Global Configuration (group_vars/all/vars.yaml):

nfs:
  mounts:
    primary:      # Existing allyrion NFS share
      share: "{{ hostvars[groups['nfs_server'] | first].ipv4_address }}:/mnt/usb1"
      mount: '/mnt/nfs'
      safe_name: 'mnt-nfs'
      type: 'nfs'
      options: {}
    gpu_storage:  # New GPU storage share
      share: "{{ hostvars['velaryon'].ipv4_address }}:/mnt/gpu-storage"
      mount: '/mnt/gpu-storage'
      safe_name: 'mnt-gpu\x2dstorage'  # Systemd unit name escaping
      type: 'nfs'
      options: {}

Systemd Automount Configuration

The trickiest part was configuring systemd automount units.
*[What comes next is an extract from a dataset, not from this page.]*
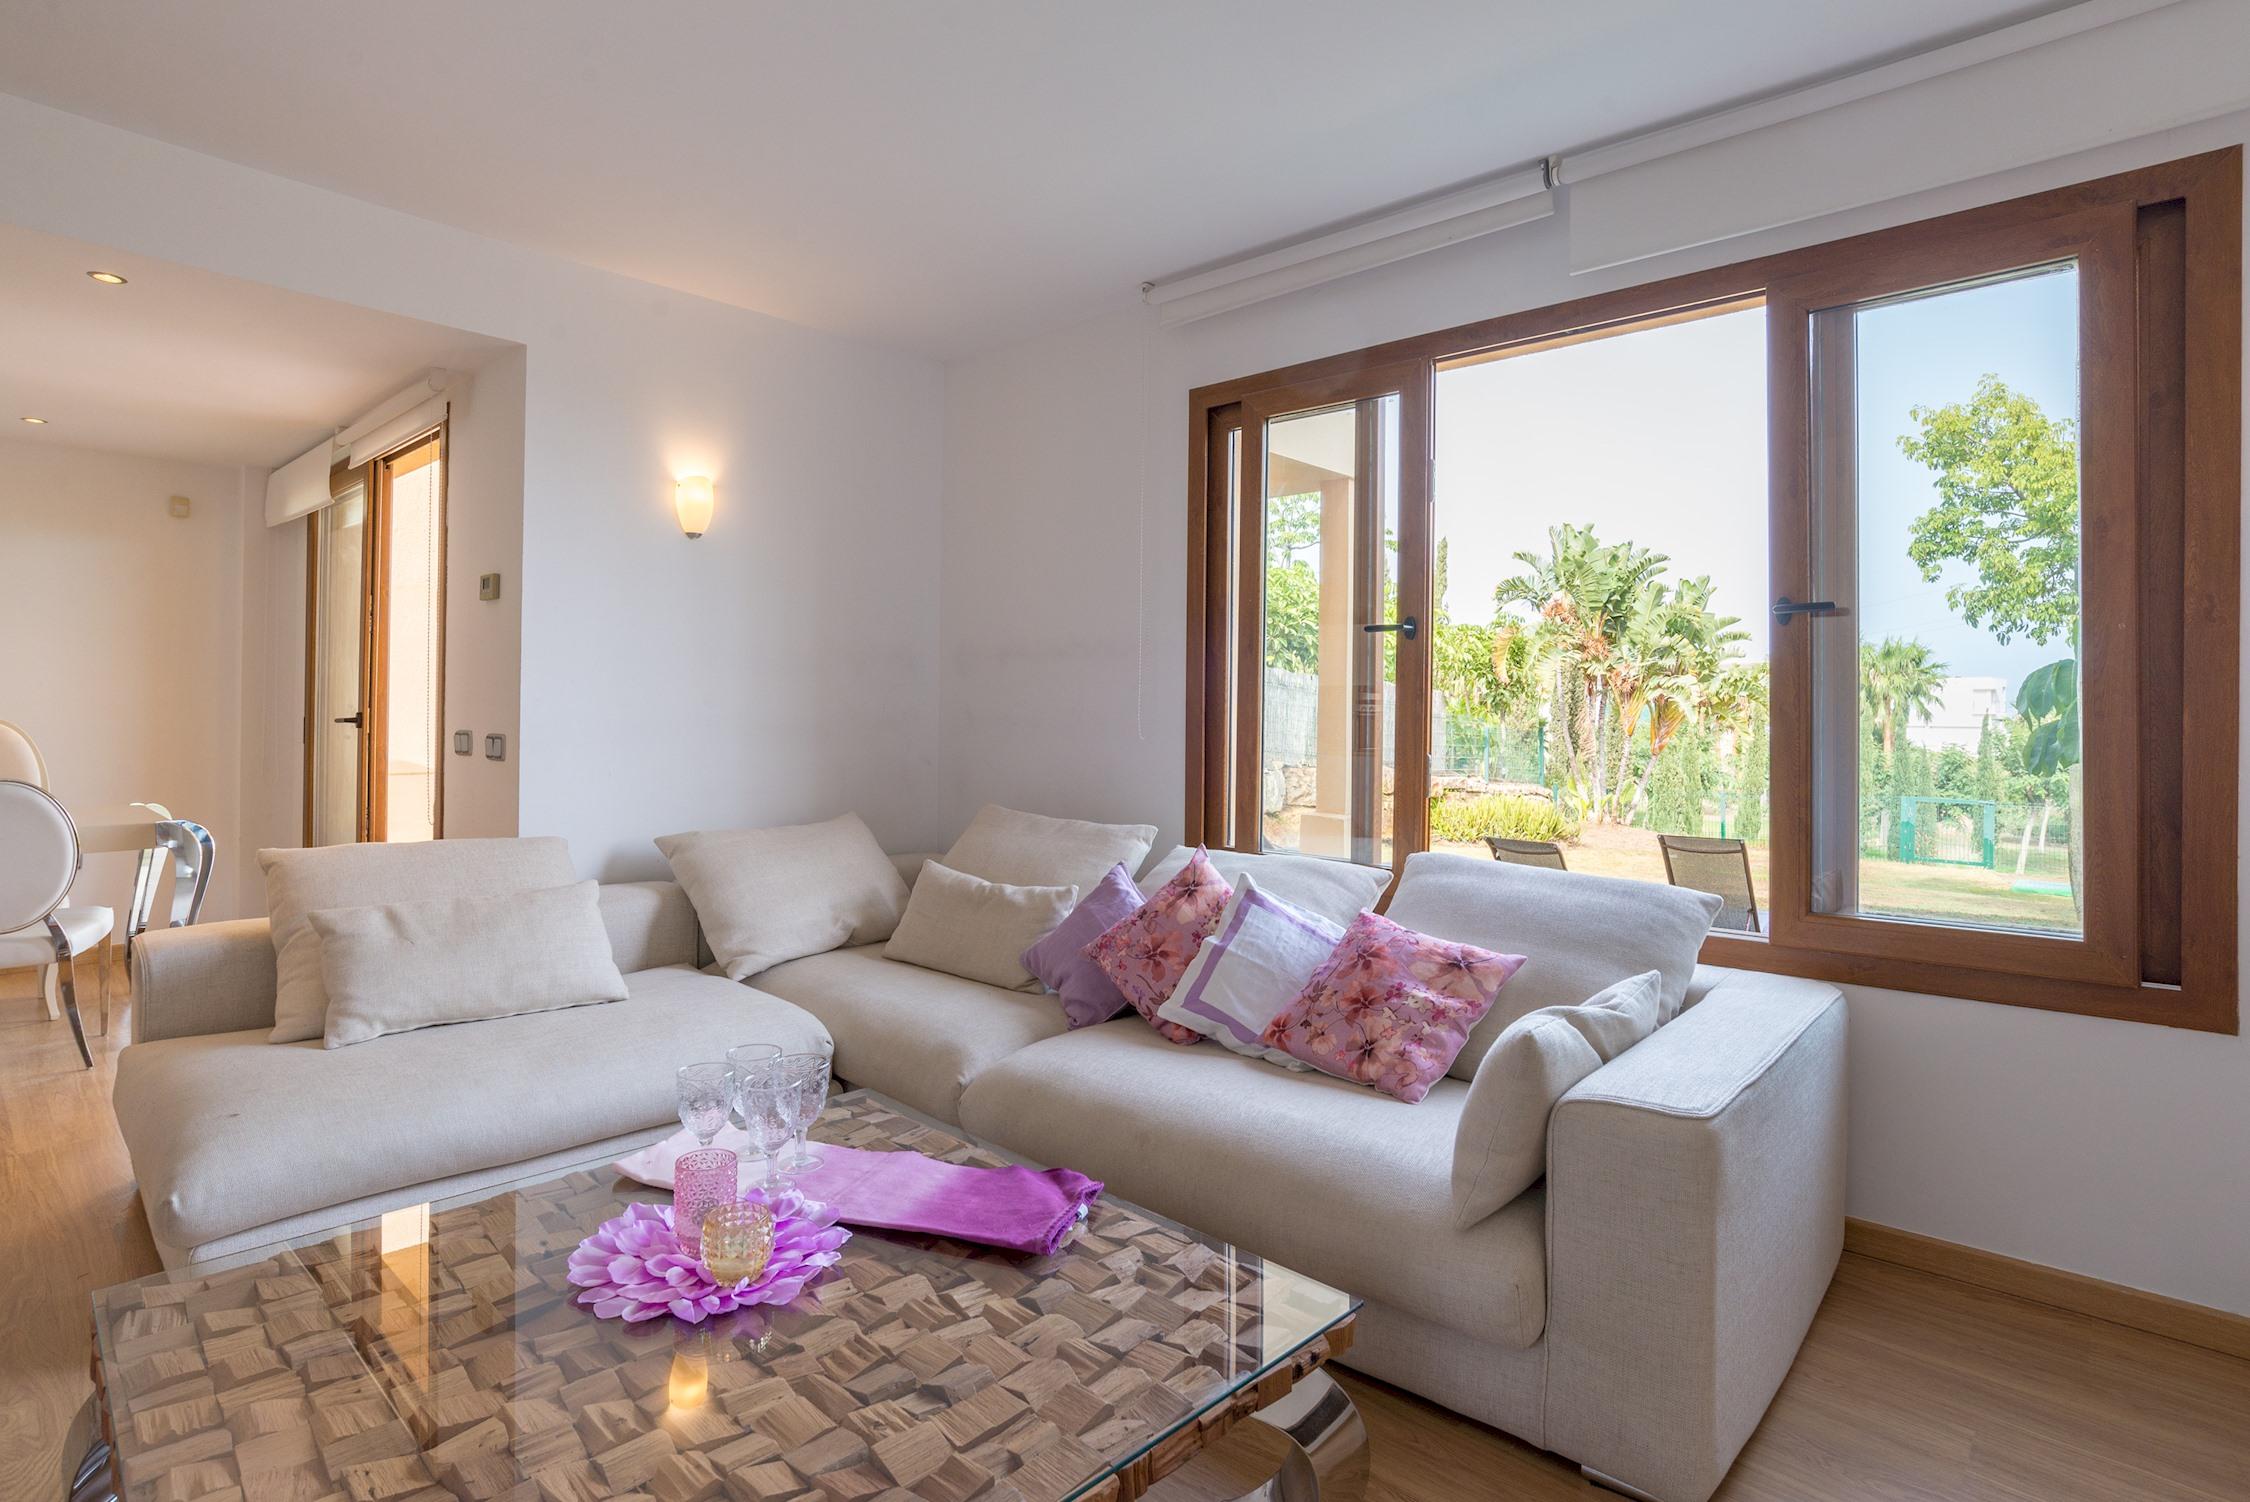 Apartment MalagaSuite Private Deluxe Villa photo 20498741

Systemd requires special character escaping for mount paths - the mount point /mnt/gpu-storage must use the unit name mnt-gpu\x2dstorage (where \x2d is the escaped dash).

Mount Unit Template (templates/mount.j2):

[Unit]
Description=Mount {{ item.key }}

[Mount]
What={{ item.value.share }}
Where={{ item.value.mount }}
Type={{ item.value.type }}
{% if item.value.options -%}
Options={{ item.value.options | join(',') }}
{% else -%}
Options=defaults
{% endif %}

[Install]
WantedBy=default.target

Automount Unit Template (templates/automount.j2):

[Unit]
Description=Automount {{ item.key }}
After=remote-fs-pre.target network-online.target network.target
Before=umount.target remote-fs.target

[Automount]
Where={{ item.value.mount }}
TimeoutIdleSec=60

[Install]
WantedBy=default.target

Deployment Playbook

A new playbook setup_gpu_storage.yaml orchestrates the entire deployment:

---
# Setup GPU storage on Velaryon with NFS export
- name: 'Setup Velaryon GPU storage and NFS export'
  hosts: 'velaryon'
  become: true
  tasks:
    - name: 'Ensure GPU storage mount point exists'
      ansible.builtin.file:
        path: '/mnt/gpu-storage'
        state: 'directory'
        owner: 'root'
        group: 'root'
        mode: '0755'

    - name: 'Check if GPU storage is mounted'
      ansible.builtin.command:
        cmd: 'mountpoint -q /mnt/gpu-storage'
      register: gpu_storage_mounted
      failed_when: false
      changed_when: false

    - name: 'Mount GPU storage if not already mounted'
      ansible.builtin.mount:
        src: 'UUID=5bc38d5b-a7a4-426e-acdb-e5caf0a809d9'
        path: '/mnt/gpu-storage'
        fstype: 'ext4'
        opts: 'defaults'
        state: 'mounted'
      when: gpu_storage_mounted.rc != 0

- name: 'Configure NFS exports on Velaryon'
  hosts: 'velaryon'
  become: true
  roles:
    - 'geerlingguy.nfs'

- name: 'Setup NFS mounts on all nodes'
  hosts: 'all'
  become: true
  roles:
    - 'goldentooth.setup_nfs_mounts'

Usage

The GPU storage is now seamlessly integrated into the goldentooth CLI:

# Deploy/update GPU storage configuration
goldentooth setup_gpu_storage

# Enable automount on specific nodes
goldentooth command allyrion 'sudo systemctl enable --now mnt-gpu\x2dstorage.automount'

# Verify access (automounts on first access)
goldentooth command cargyll,bettley 'ls /mnt/gpu-storage/'

Results

The implementation provides:

  • 1TB shared storage available cluster-wide at /mnt/gpu-storage
  • Automatic mounting via systemd automount on directory access
  • Full Ansible automation via the goldentooth CLI
  • Clean separation between Pi cluster and GPU node architectures

Data written from any node is immediately visible across the cluster, enabling seamless Pi-GPU workflows for machine learning datasets, model artifacts, and computational results.